Document Object Model

PHP DOM (Document Object Model) Parser is very good at dealing with XML and HTML. It travels based on tree-structure và loads the data inlớn DOM object. The first thing you need khổng lồ vày is to construct a dom document object and then load the html content in it.

Bạn đang xem: Github

// a new dom object$dom = new domDocument; // load the html into the object$dom->loadHTML($html); // discard trắng space$dom->preserveWhiteSpace = false;

Concept of DOM

Everything in a DOM Document is a node. The DOMDocument is a hierarchical tree structure of nodes. It starts with a root node. The root node can have child nodes & child nodes can have sầu child nodes on their own. For example, there is a root element (HTML) with two children (HEAD and BODY).

The Title

It has two nodes - A DOMElement with a DOMText child.

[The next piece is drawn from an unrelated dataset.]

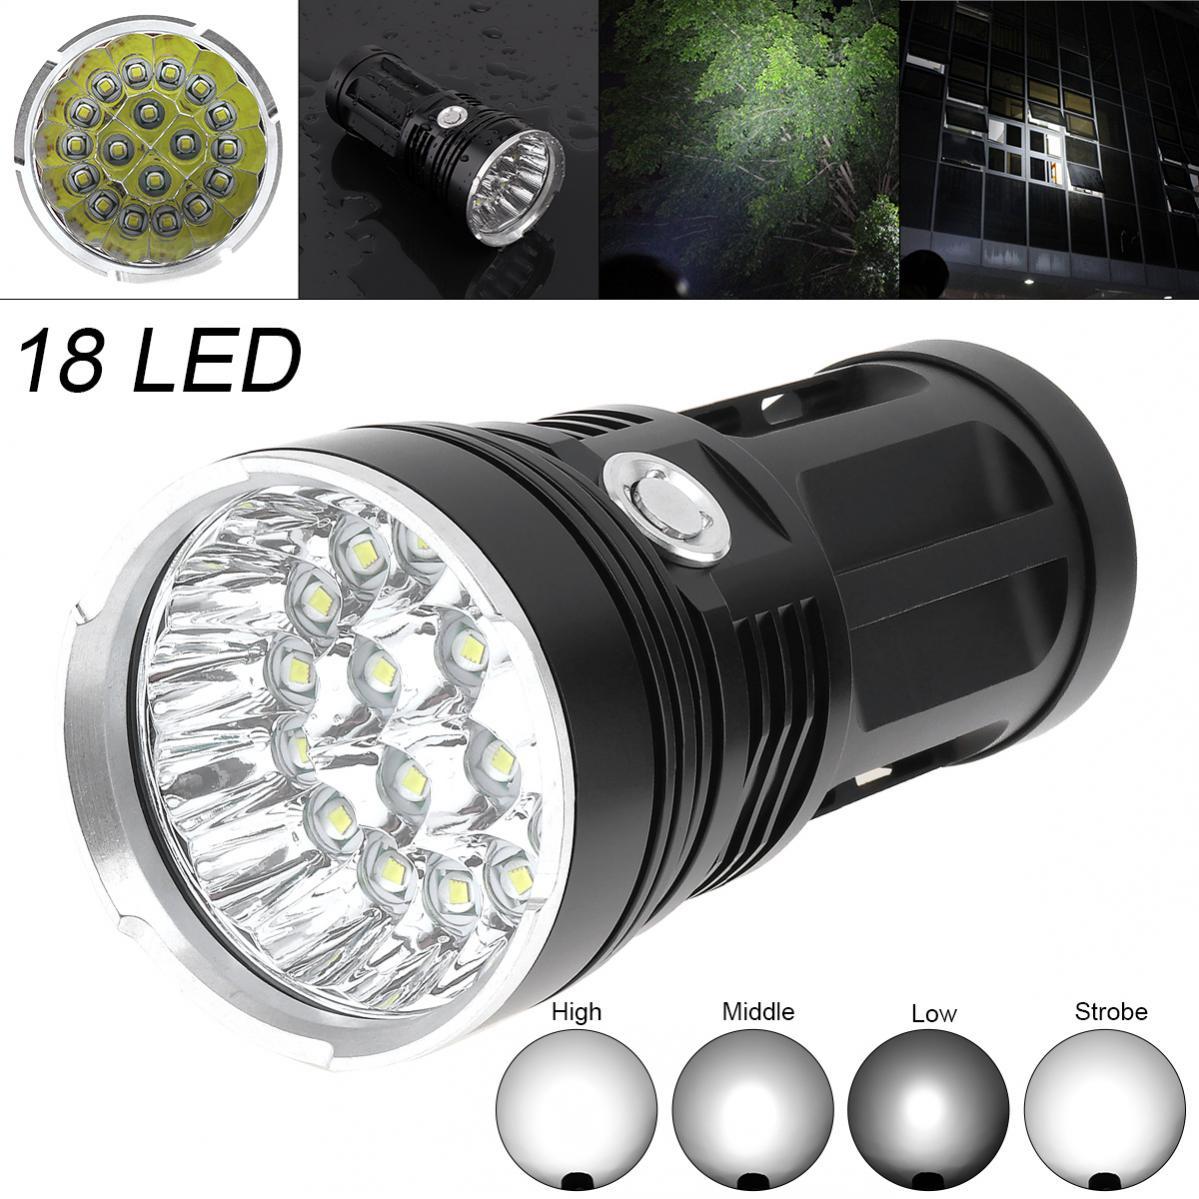 40000LM-18-x-CREE-XM-L-T6-LED-4-Modes-Flashlight-Torch-4-x-18650-Hunting-Lamp

It has three nodes - the DOMElement with a DOMAttr holding a DOMText.

There are two important functions that can be used to extract contents from the html structure:



1. Get Elements by Tag Name

The function getElementsByTagName returns an array of objects that contains all the elements with a given tag name. This function is useful when you want to lớn read the nội dung, or attribute of multiple HTML elements that have the same tag.

Example: For Getting Tables

$tables = $dom->getElementsByTagName("table");foreach($tables as $table) eđến $dom->saveHTML($table);The saveHTML function gets the exact html inside that particular node. To get the total number of elements, you can use the length attribute.

emang lại "Found: " . $tables->length . " items";Example: For Getting Links

$dom = new domDocument;$dom->loadHTML($html);$link = $dom->getElementsByTagName("a")foreach ($link as $node) emang lại $dom->saveHtml($node);


There are four things - tag name, attribute name, attribute value, and enclosed tag content.

Xem thêm: KhắC PhụC LỗI Có Mạng Nhưng Không Vào Được Một Số Trang Web

1. To get the text values of the node (enclosed tag content):

emang đến $node->nodeValue; 2. To check if the href attribute exists:

echo $node->hasAttribute("href");3. To get the href attribute value:

emang đến $node->getAttribute("href");4. To change the href attribute value:

$node->setAttribute("href", "something else");5.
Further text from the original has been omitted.